**INSTRUCTIONS TO FOLLOW**: Type out the lines below exactly, pictures excluded.

**GIVEN MATERIAL**:
______

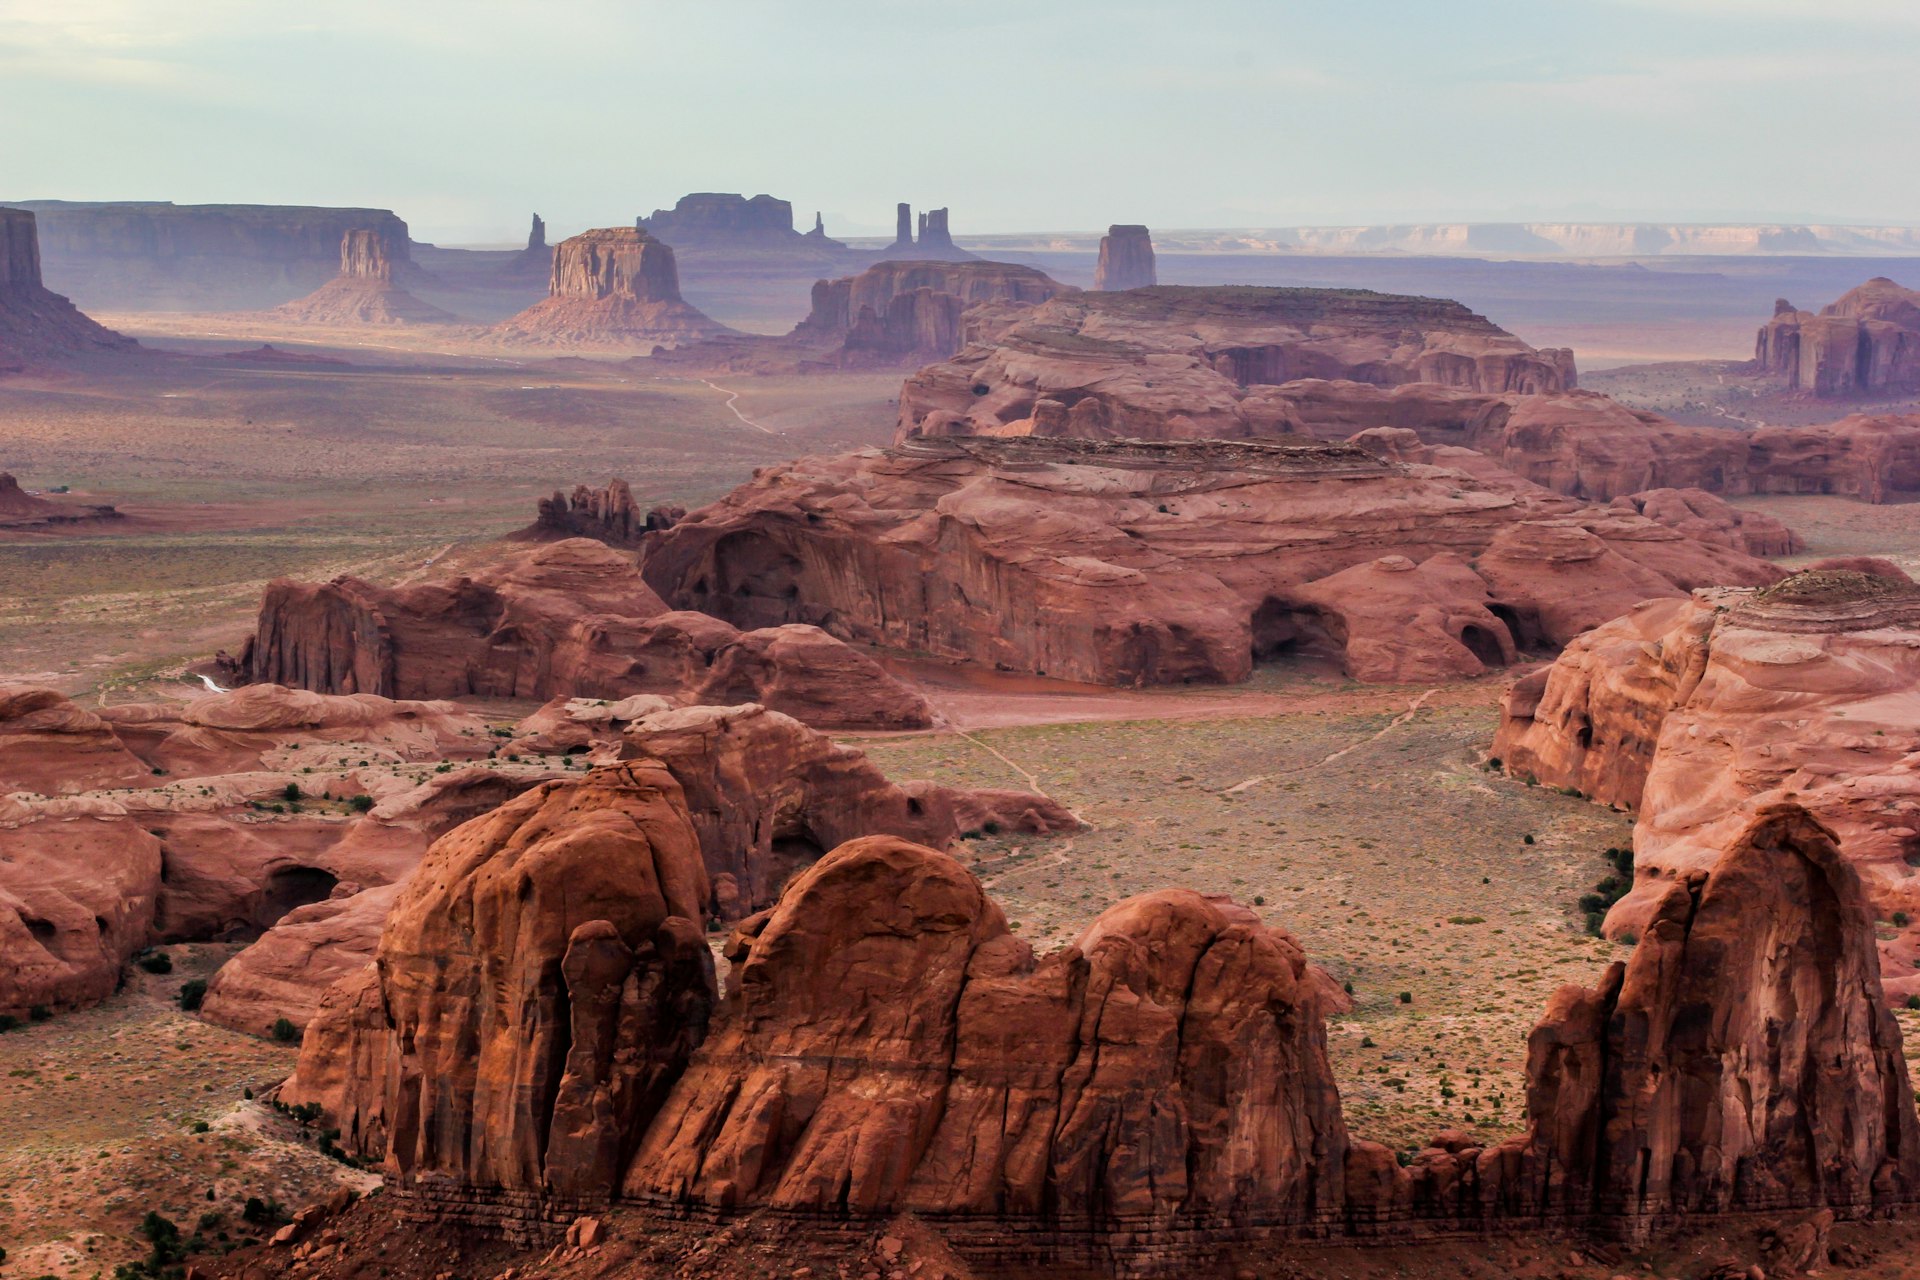 500px Photo ID: 122587399 - Monument Valley from the Hunt's Mesa, unique and remote pov.
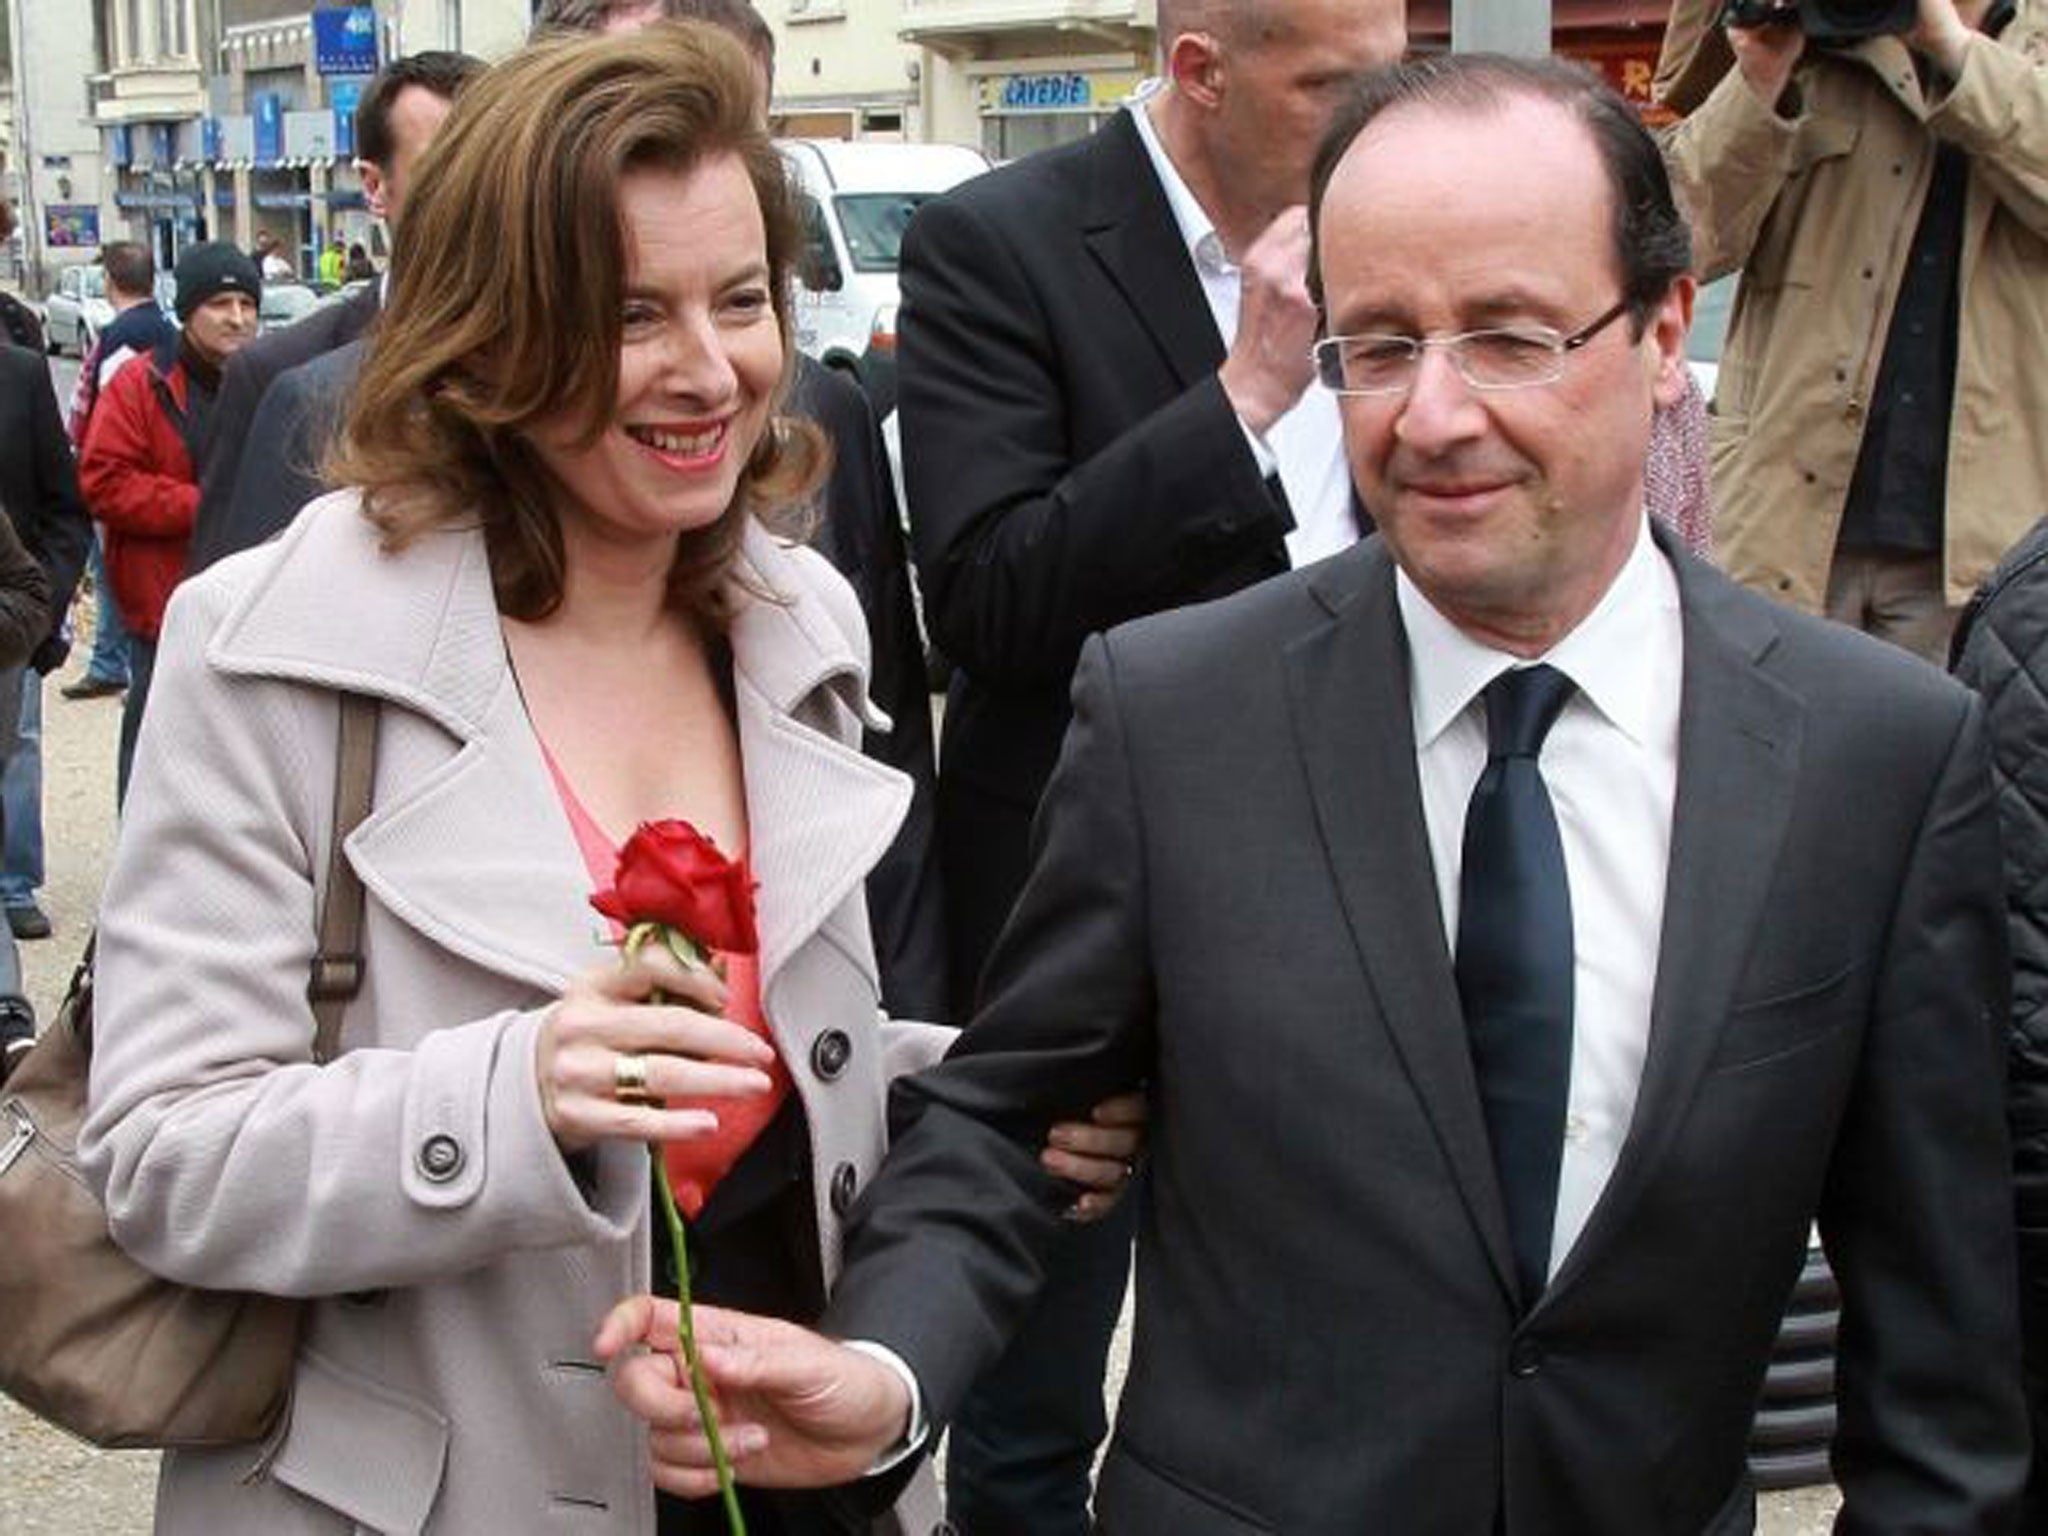 Hollande offers a rose to his then-companion Valerie Trierweiler, in Tulle, southwestern France back in 2012
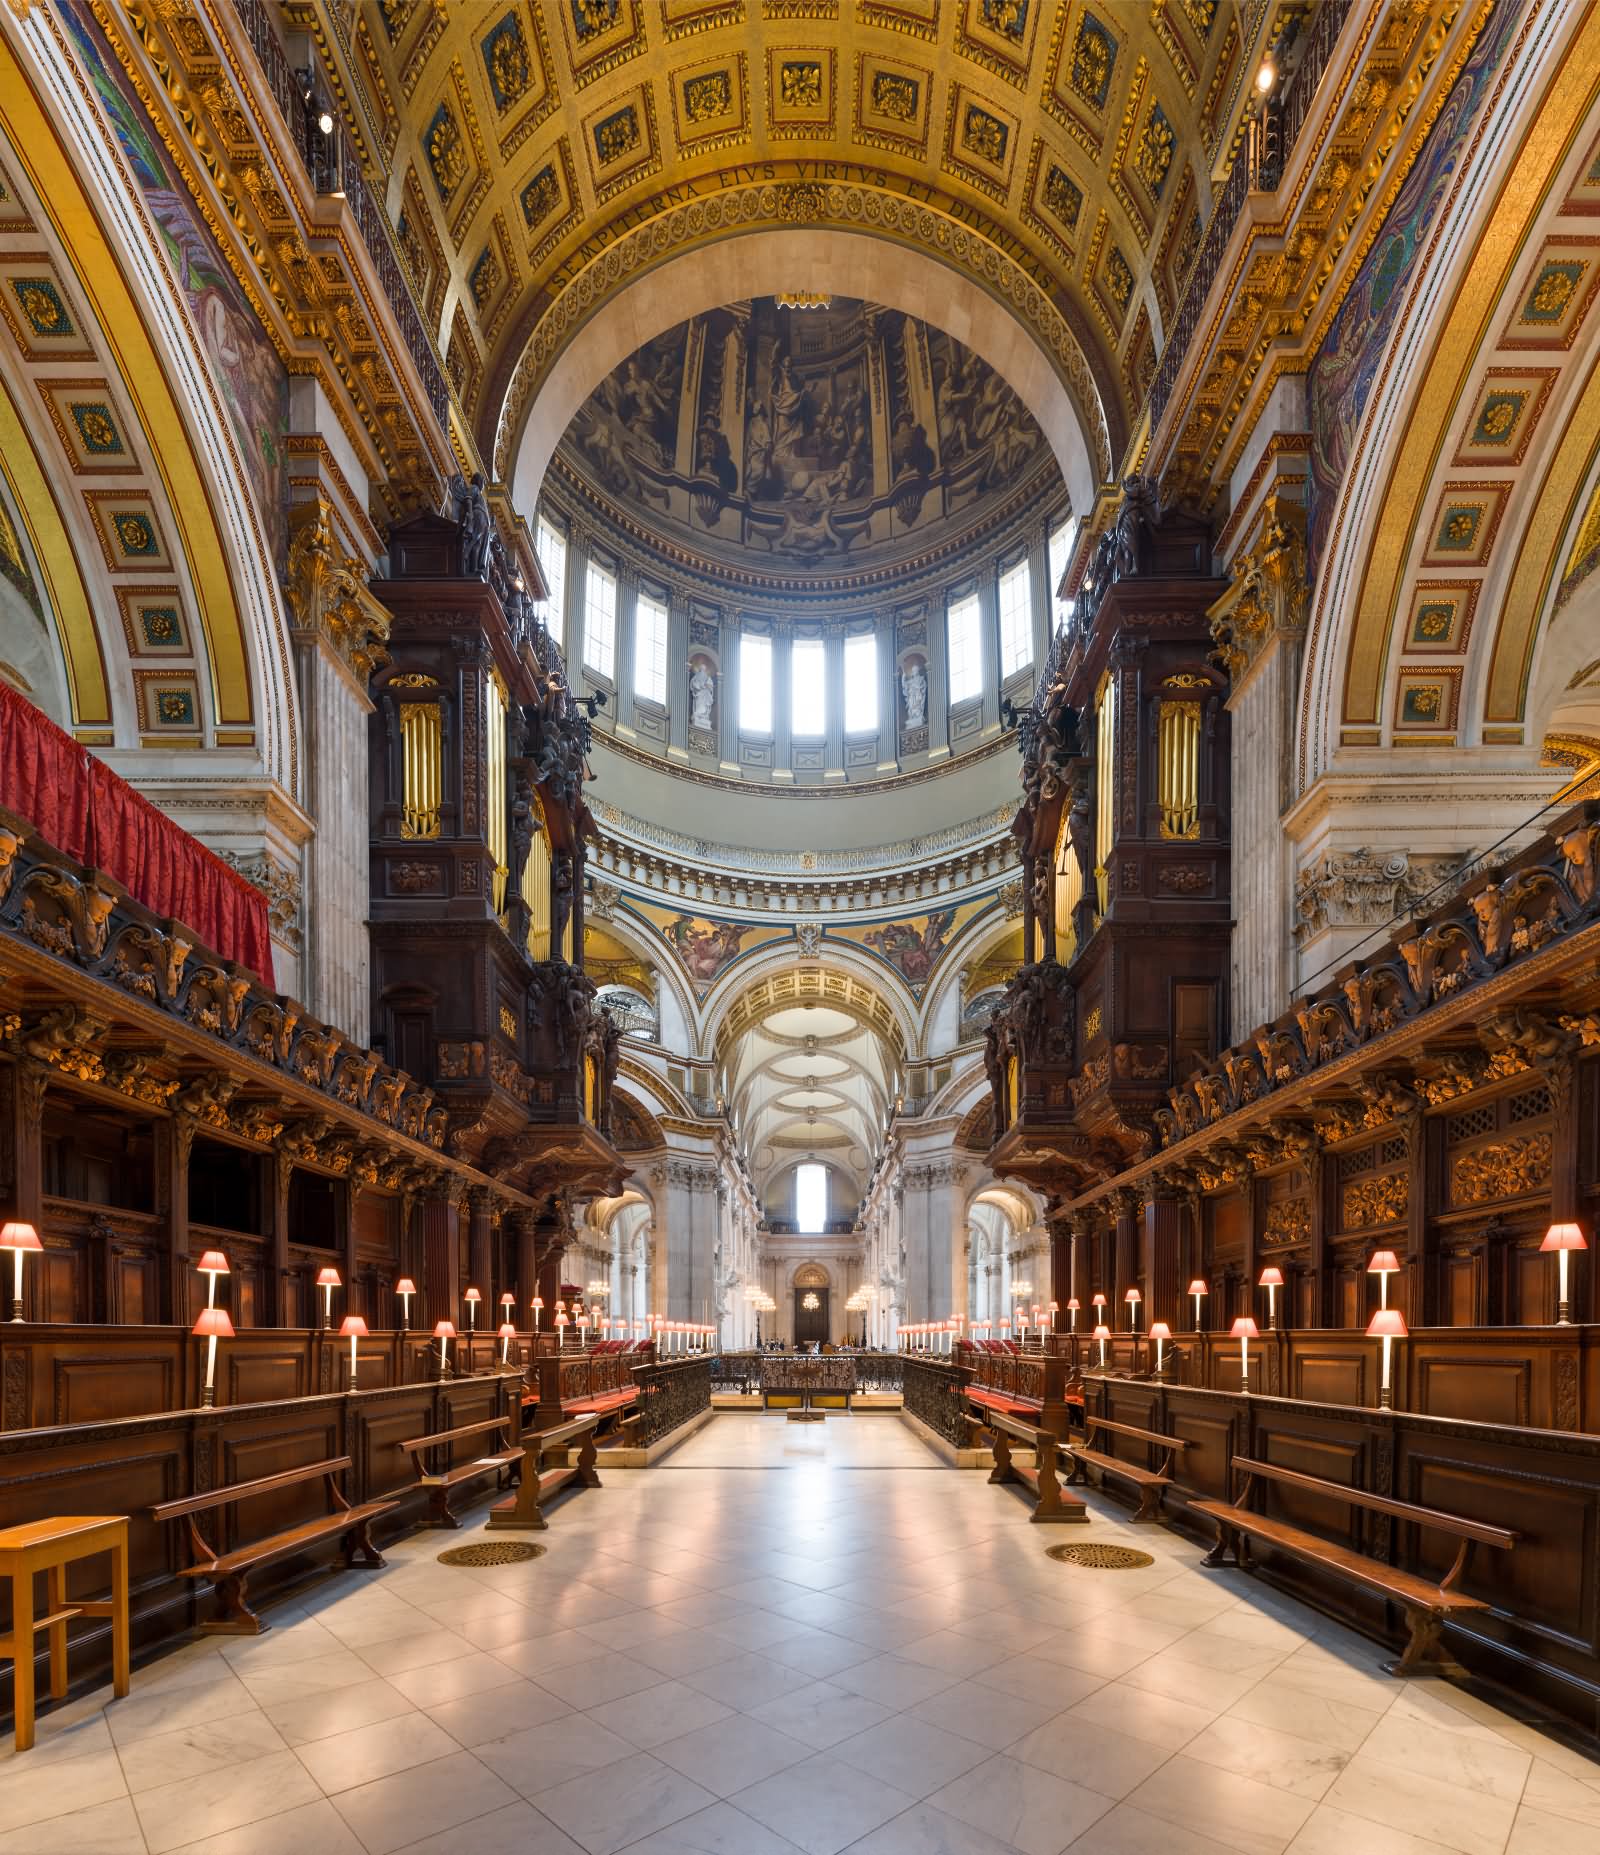 Choir Inside The St Paul's Cathedral

______

**SOLUTION**:
 500px Photo ID: 122587399 - Monument Valley from the Hunt's Mesa, unique and remote pov.
 Hollande offers a rose to his then-companion Valerie Trierweiler, in Tulle, southwestern France back in 2012
 Choir Inside The St Paul's Cathedral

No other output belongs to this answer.